Even from this short example, recorded at the beginning of exploration, it is evident that the extent of the motion grows. It is important to note that, although such motions appear frequently in the beginning, they may be performed throughout the session.

Buildup in Extent in Sequences of Borderline Roundtrips.

In both strains, the peep and hide sequence is followed by other sequences of motion that define an origin of axes for subsequent movement in the arena. BALB/c mice perform cross and retreat, circle in place, and entry head on, and rarely, extended garden roundtrip, before commencing with the borderline roundtrip motion sequence. C57BL/6 mice tend to skip the cross and retreat sequence and add the extended garden roundtrip (2). At this stage, both strains commence with borderline roundtrips, but whereas BALB/c mice tend to move strictly near and along the wall until the exhaustion of the borderline dimension, C57BL/6 mice start with movement along and near the wall and then, being less “wall huggers” than the BALB/c mice, include a radial component in the roundtrip that nevertheless tends to proceed along the wall (2). In both strains, the mouse proceeds from a reference area near the doorway that we term the garden, first away and then back into the garden (Movies S2 and S3). Although defining algorithmically the reference point for the peep and hide motion was quite obvious, its definition was more complicated for other repeated motions. We demonstrate one such case subsequently with the definition of the reference for Borderline Roundtrips.

Identifying the reference values: the garden and its boundary.

As the session progresses, the mouse may skip entering the cage, stopping by the doorway before commencing with a new borderline roundtrip. A contour plot of the density of cumulative dwell time defines algorithmically a garden in the proximity of the doorway. This garden in turn serves as the reference location from which borderline roundtrips commence and where they often end (Fig. S1).

Quantifying the buildup in extent in sequences of borderline roundtrips.

When the reference location has been defined and sequences of borderline roundtrips identified, the extent of each roundtrip is measured by the maximal circular arc covered by the mouse in that roundtrip. In the beginning, this arc tends to increase across roundtrips, first when performed in one direction and then in the other.

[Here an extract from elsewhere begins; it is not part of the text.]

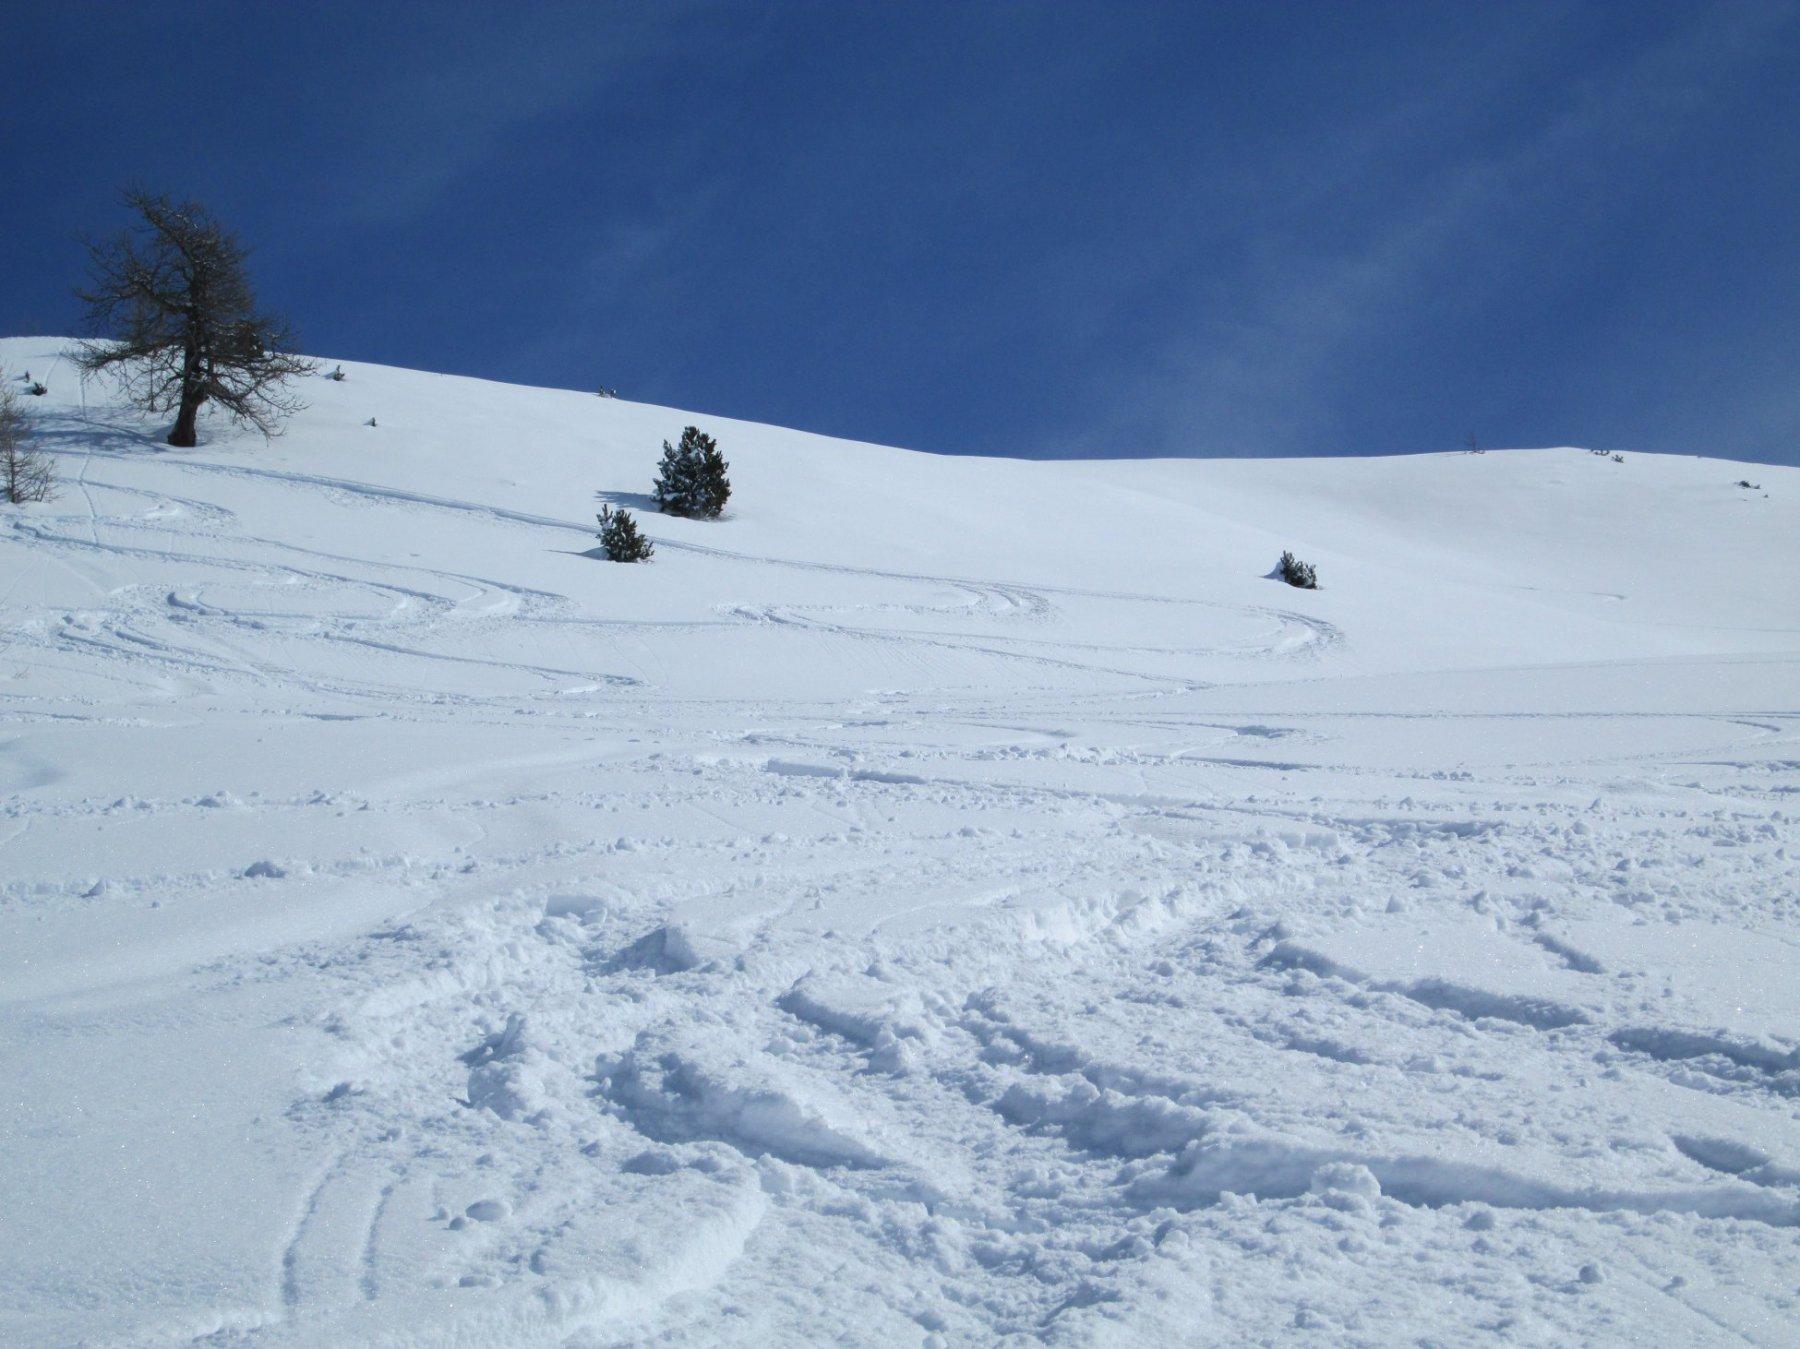 neve farinosa in discesa

Fig. 3 shows examples for one C57BL/6 and one BALB/c mouse.

Fig. 3.

Fig. 3.

Two selected examples of sequences of repeated borderline roundtrips leading to the occupancy of the entire circumference of the arena. Upper: The first 27 roundtrips of a selected C57BL/6 mouse session. Lower: The first 57 roundtrips of a selected BALB/c mouse session. Doorway is located at 6 o'clock. Yellow to red indicates roundtrip's direction, gray represents path history, blue represents arena wall.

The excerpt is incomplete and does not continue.